Il culto della povertà, dalle sue origini più antiche, nel medioevo, come negli ultimi due secoli, è sempre stata determinata e sostenuta da predicatori e dai loro discepoli, mossi dall’invidia, dal risentimento e dall’avversione da tutto ciò si elevi al di sopra di loro, o da individui delle classi più alte, che non riescono a gestire l’invidia altrui, rinunciando spontaneamente ai propri privilegi.

Questa variegata massa di rinnegati, è spinta ad abbracciare la povertà, pensando di riscattare la propria classe sociale, oppure dopo delusioni personali, risentimenti contro i genitori e parenti, punendo sé stessi.

La reazione emotiva che spinge molti individui alla povertà, dipende dall’invidia aggressiva che condiziona la vita dei figli di genitori benestanti o ricchi, che aderiscono a gruppi di estrazione povera, che per invidia propugnano la rivoluzione sociale, perché questa serve a colpire, danneggiare o almeno umiliare, quelli che sono superiori a loro.

Gli individui di buona famiglia, che non soffrono di invidia, ma aderiscono ai gruppi rivoluzionari, sono comunque costretti a condurre e ad appoggiare la politica dell’invidia.

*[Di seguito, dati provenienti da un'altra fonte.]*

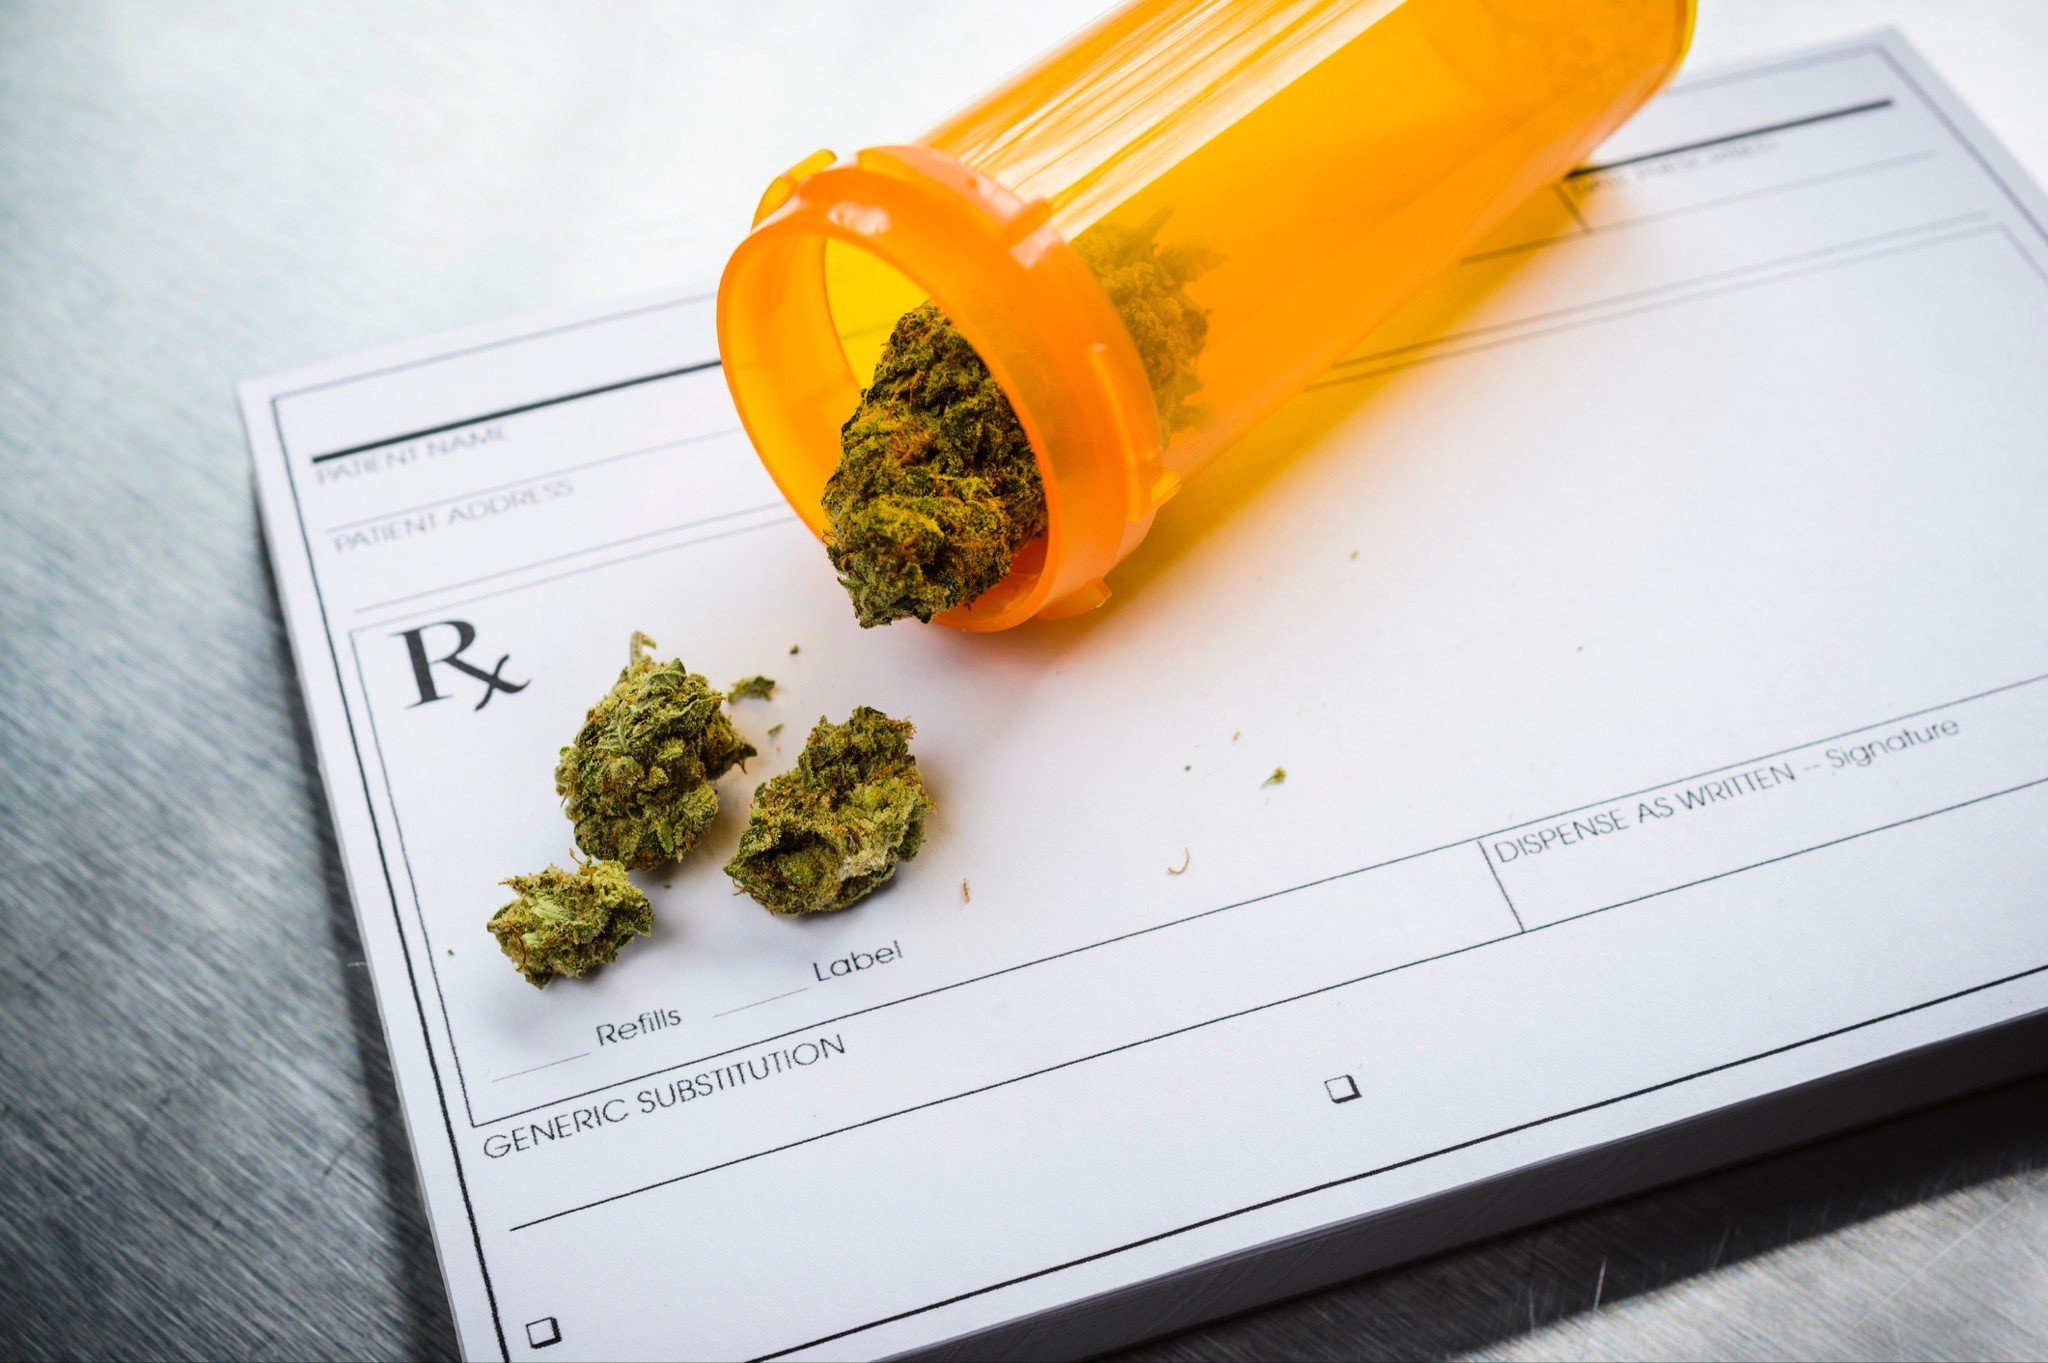 Medical Cannabis in the UK: How Can I Access it?

Dagli anni cinquanta in poi, la classe media inglese generò il più alto numero di soggetti benestanti, che passarono alla protesta contro il capitalismo, sfruttati dai politici, dagli agitatori e dai propagandisti, per indirizzare le ire degli invidiosi, su capri espiatori ben individuabili, dai gruppi popolari, per scatenare la loro indignazione.

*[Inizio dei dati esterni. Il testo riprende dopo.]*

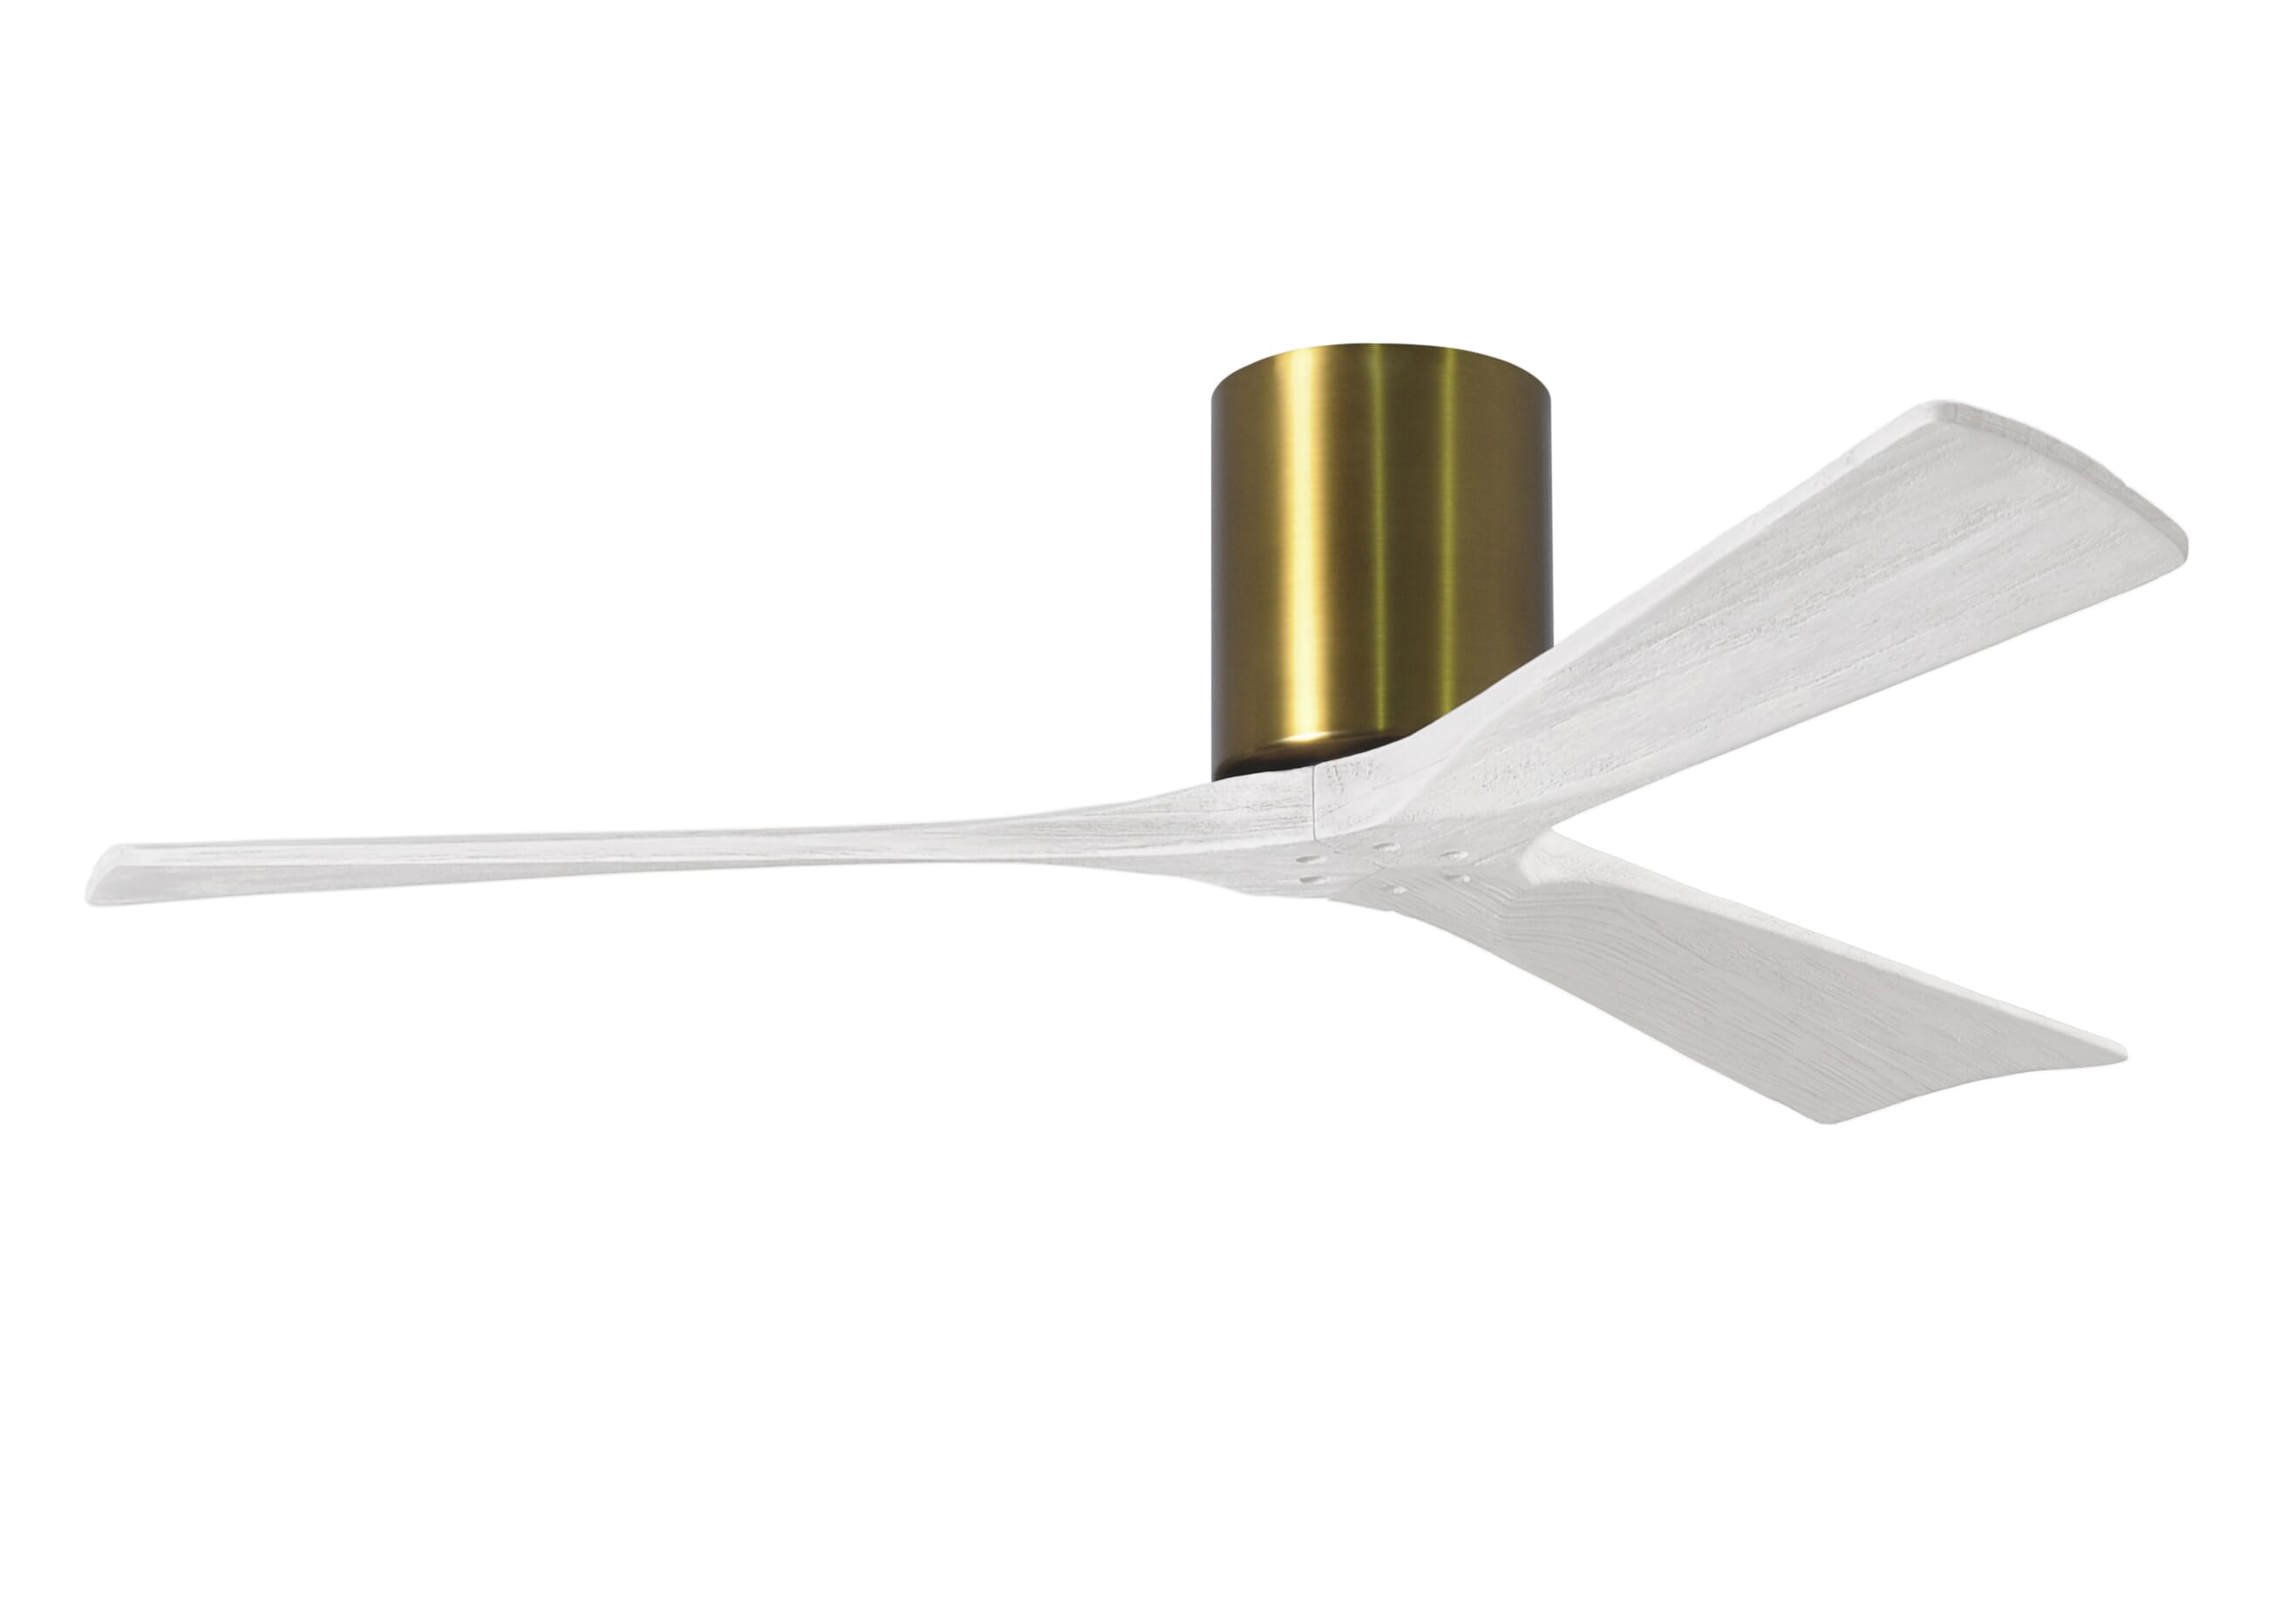 Irene 6-Speed DC 52"" Ceiling Fan in Brushed Brass with Matte White blades -  Matthews Fan Company, IR3H-BRBR-MWH-52

Spesso, le azioni di protesta intraprese da una ridotta minoranza, sono viste da alcuni come una giustificazione emozionale del più crudo terrore di una rivoluzione, a differenza della stessa azione compiuta dalla massa, che verrebbe registrata nella statistica criminale con un senso di noia.

L’ottica egualitaria svolge la duplice funzione di preparare le rivoluzioni: da un lato la proprietà viene bollata come una provocazione insopportabile quando è in mano di pochi, dall’altro la trasgressione, i misfatti e i crimini mantengono la loro esplosività sociale sino a quando tutte o parecchie classi sociali ottengono gli strumenti per compiergli.

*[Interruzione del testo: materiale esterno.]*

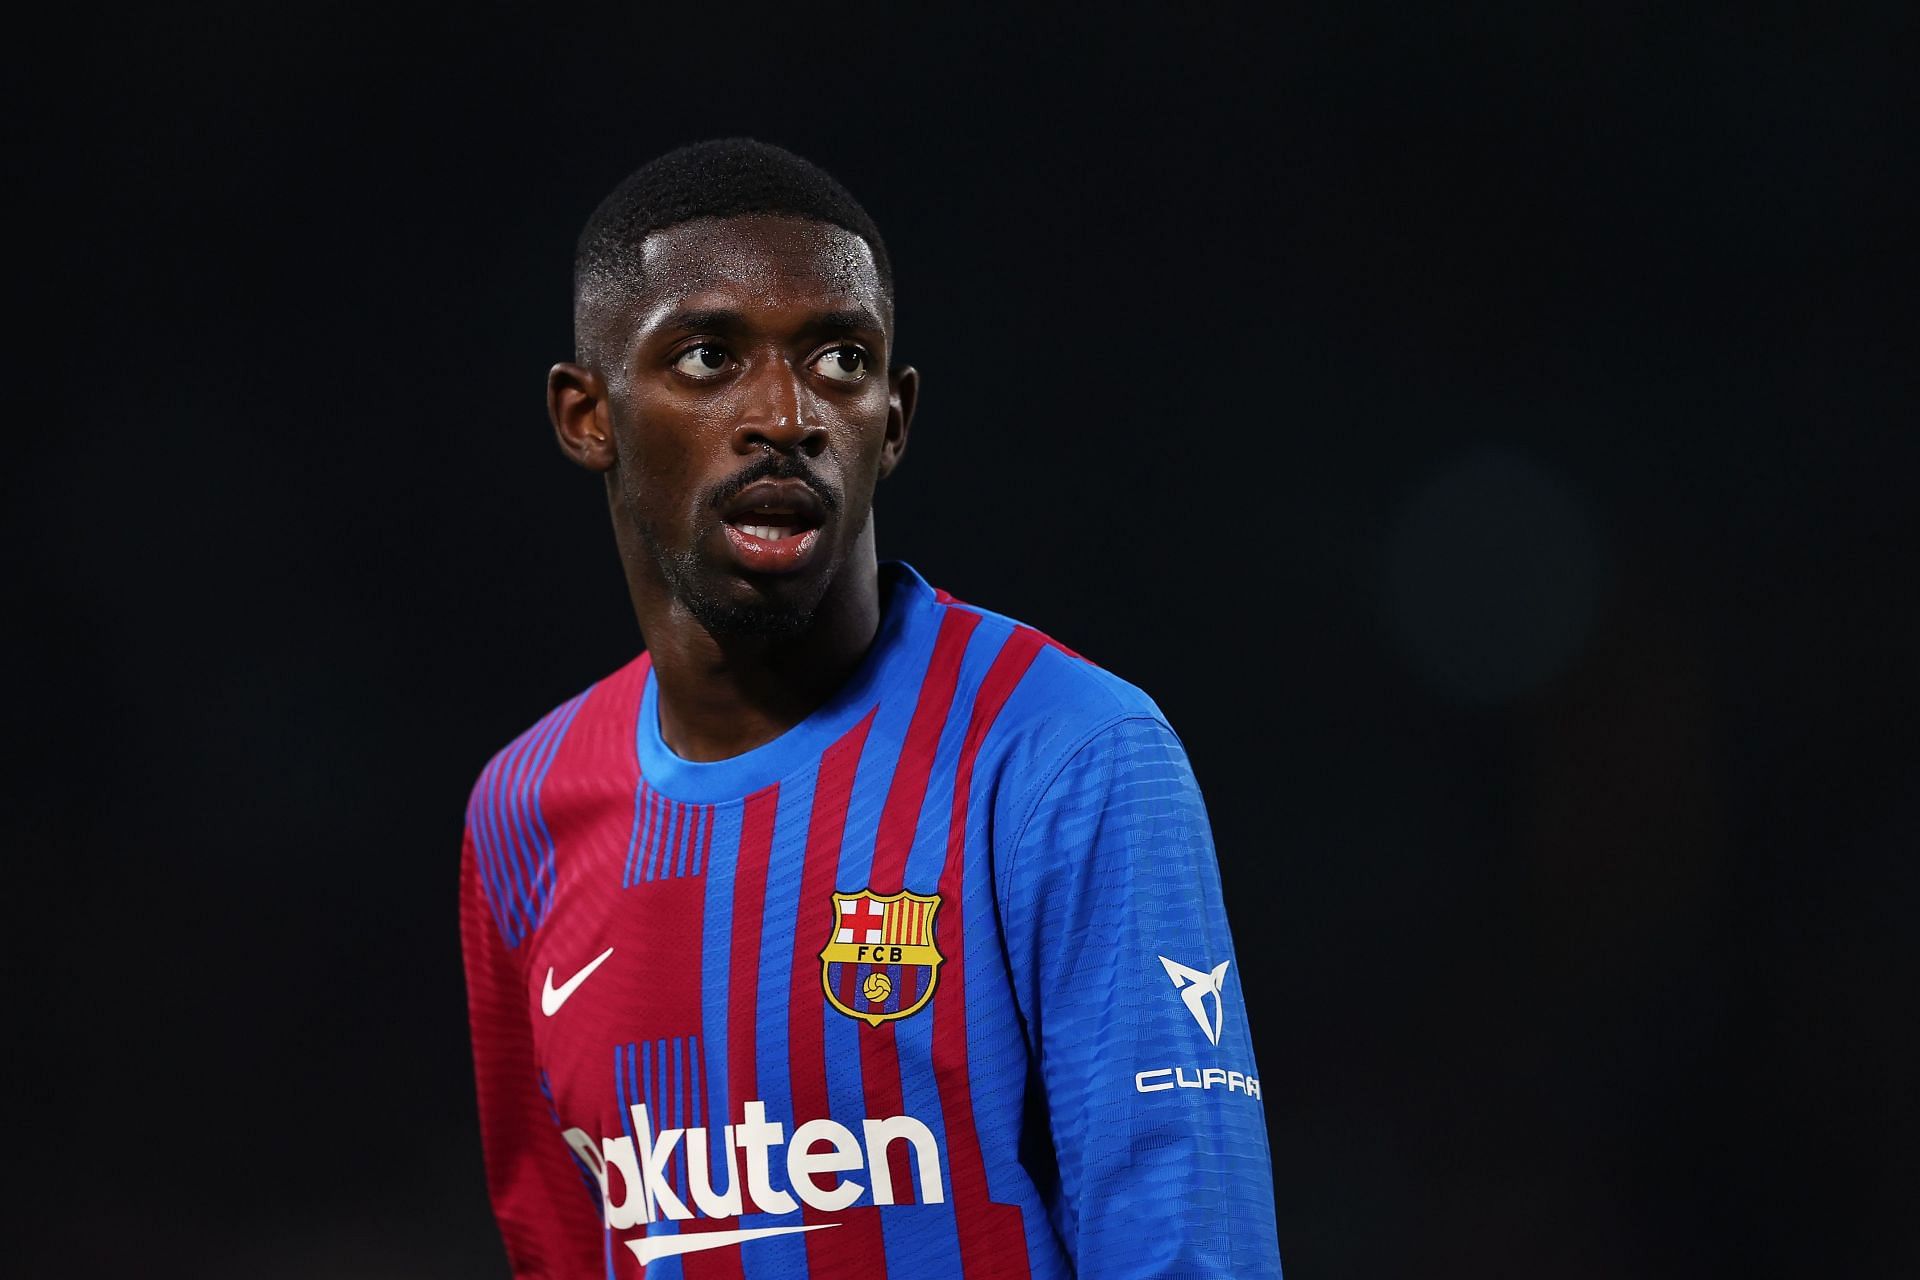 Dembele is currently a free agent

La sociologia criminale ha rilevato che i delitti comuni sono legati alle diverse culture, che definiscono delitto un certo comportamento, tenuto in certe circostanze, come certe trasgressioni, considerate attentati alla sensibilità popolare, che ogni rivoluzione strumentalizza.

In pratica, i rivoluzionari finiscono per adottare gli stessi provvedimenti autoritari, che avevano provocato le rivoluzioni, che poi si affrettano a trasformare in virtù i peccati dei loro predecessori.

Francesco Bacone aveva individuato come un microrganismo patogeno l’invidia pubblica, che procurava paura nei tiranni, che finivano per adottare provvedimenti lodevoli per combattere il malcontento, che invece di placarsi, diventavano sempre più virulenti, perché percepivano la debolezza dell’apparato.

Bacone concludeva lo studio sull’invidia pubblica, osservando che essa prende di mira i funzionari nei posti chiave, nonché i ministri, perché le loro azioni sono controllabili e di conseguenza criticabili, anticipando di trecentocinquanta anni, la regola del confronto che oppone il sistema statale alle nuove sinistre, che infettano le scelte governative, costrette a legiferare provvedimenti atti a controllare l’invidia.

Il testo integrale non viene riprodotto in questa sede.